The main reason I am using a single layer plaster cloth is to secure all the cracking clay. I did think about removing all the clay but it gives more natural contours  i am going to raid my other friends shed for some paint they have left over from the post earthquake house renovation.
I love the idea of the plaster of Paris.... I will def be using that idea at some point 
I am looking at getting a newer controller too.


----------



## broox (Apr 13, 2012)

Yeah, a runny(ish) mix of plaster of paris should soak through the new layer of plaster cloth and seep into the existing cracks and secure it even better than the first time!

cool table too btw. great find for freeeee :thumbup:


----------



## kiwi101 (Nov 17, 2012)

broox said:


> Yeah, a runny(ish) mix of plaster of paris should soak through the new layer of plaster cloth and seep into the existing cracks and secure it even better than the first time!
> 
> cool table too btw. great find for freeeee :thumbup:


Great now i just need to find some. cant find any at mitre10 but i will ring Bunnings tomorrow.

Do i need to do a basecoat of paint before i put the turf on or just one layer?


----------



## alman (Oct 22, 2012)

kiwi101 said:


> Well i am new to this forum so first up ill introduce myself.
> 
> I'm is Craig, i live in Amberley, New Zealand with my 2 boys and wife I recently found this hobby to be rather interesting and so done a little bit of research.
> 
> ...



(and wife I recently found ) ? Was she lost ? :laugh:

Sorry, couldn't resist !

Again, my feeble attempt at humor.


----------



## kiwi101 (Nov 17, 2012)

alman said:


> (and wife I recently found ) ? Was she lost ? :laugh:
> 
> Sorry, couldn't resist !
> 
> Again, my feeble attempt at humor.


LOL Gosh your funny! humour...... much appreciated!


----------



## broox (Apr 13, 2012)

kiwi101 said:


> Great now i just need to find some. cant find any at mitre10 but i will ring Bunnings tomorrow.

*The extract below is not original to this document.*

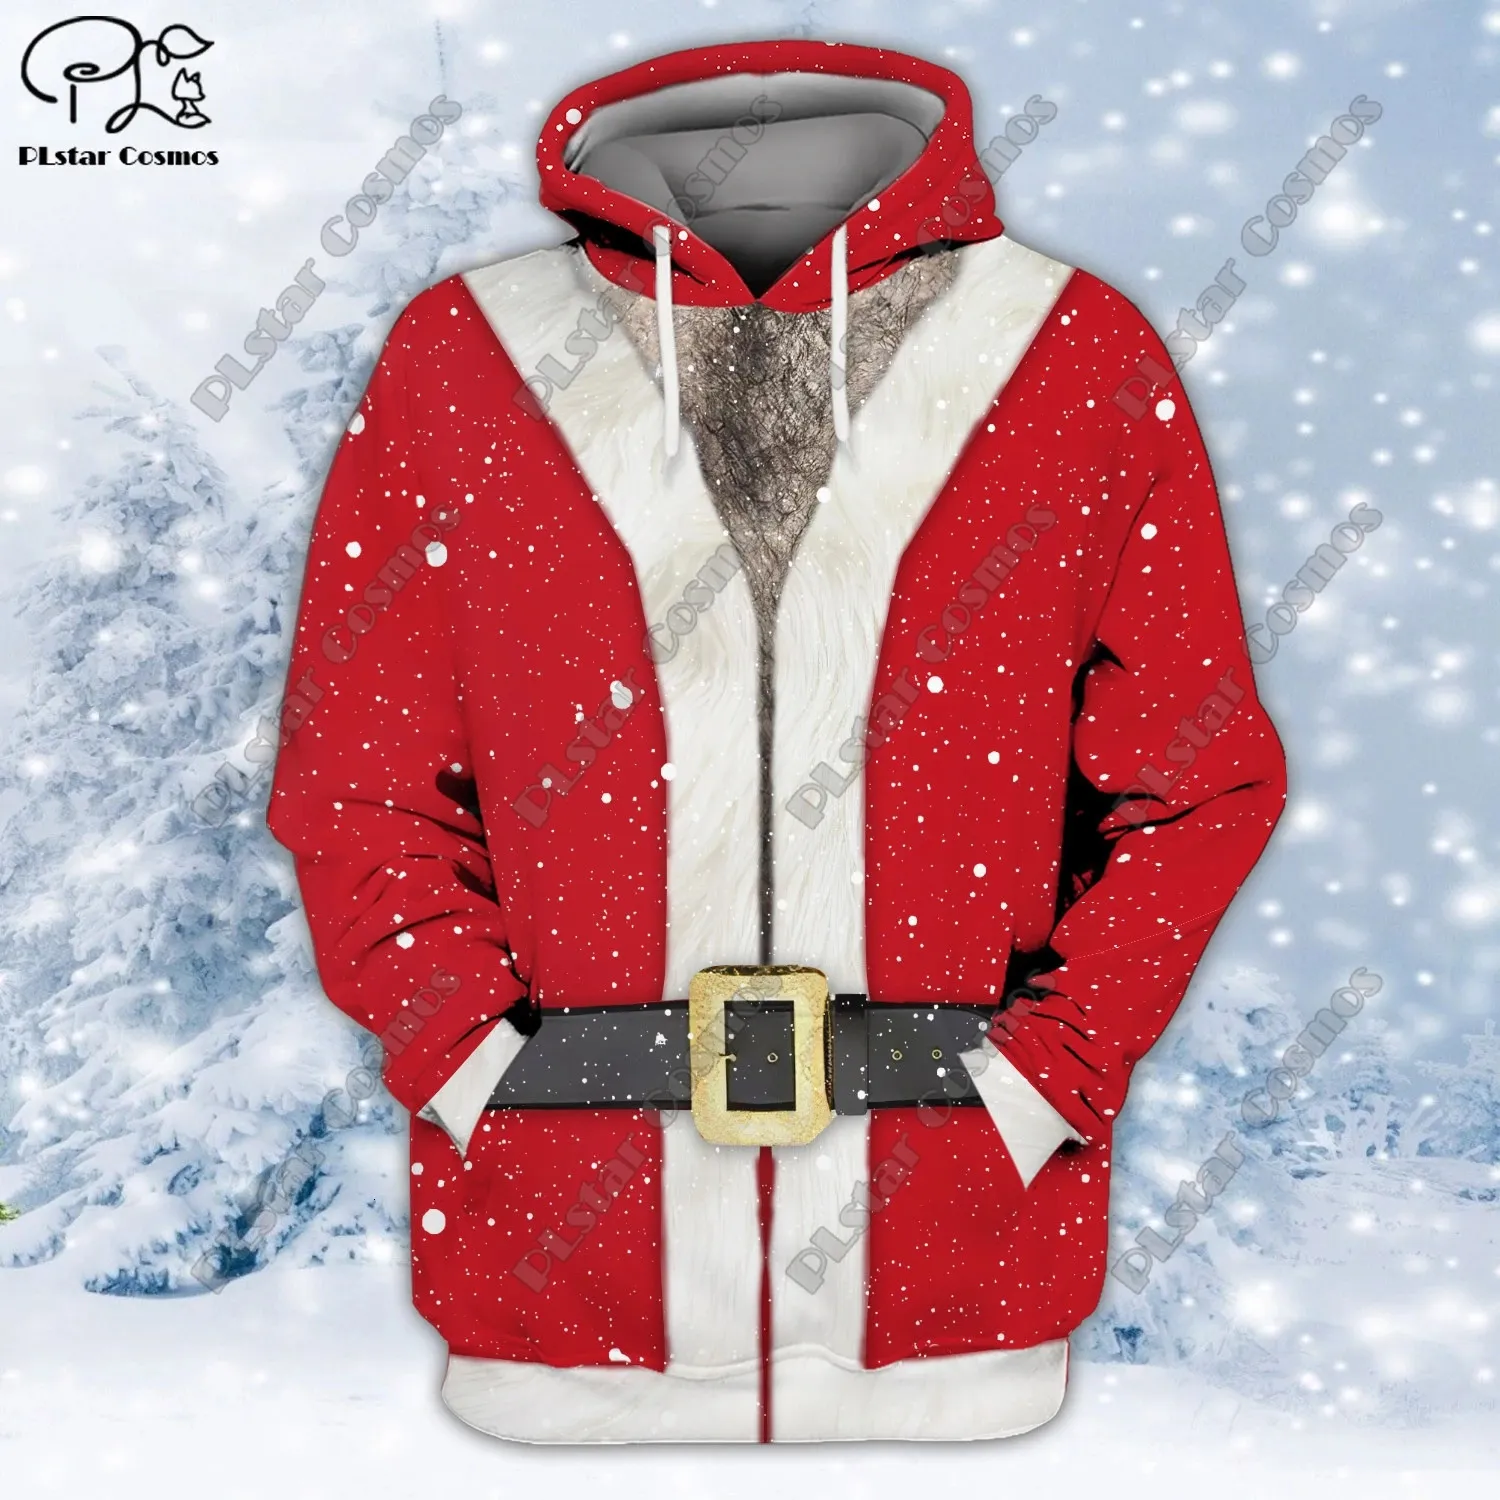 Herrtröjor tröjor plstar kosmos 3d tryckt julsamling grafisk tryck unisex kläder rolig casual hoodie/sweatshirt/zip/jacka/t-shirt s-3 231205

should be over near the building supplies. near the plaster for gyprock. if that helps. well thats where it was at my local.


> Do i need to do a basecoat of paint before i put the turf on or just one layer?


 Turf as in static flock/grass scenery stuff?

I'd put some paint down as a base colour (or tint the plaster of paris mix) to make the coverage of the turf seem more even. It can get patchy in places.

I'd wait for the paint/plaster to dry, then apply some PVA glue (the white stuff that dries clear, you know the type) then apply the shaky style grass to that.


Hope thats what you meant 




alman said:


> (and wife I recently found ) ? Was she lost ? :laugh:
> 
> Sorry, couldn't resist !
> 
> Again, my feeble attempt at humor.


haha, love it, we need more jokers around here


----------



## kiwi101 (Nov 17, 2012)

broox said:


> should be over near the building supplies. near the plaster for gyprock. if that helps. well thats where it was at my local.
> Turf as in static flock/grass scenery stuff?
> 
> I'd put some paint down as a base colour (or tint the plaster of paris mix) to make the coverage of the turf seem more even. It can get patchy in places.
> ...


Well i watched the videos on youtube and they make it out that i could paint it and while its wet put the turf on? I never through of PVA glue..... might give that idea a try so i dont miss patches.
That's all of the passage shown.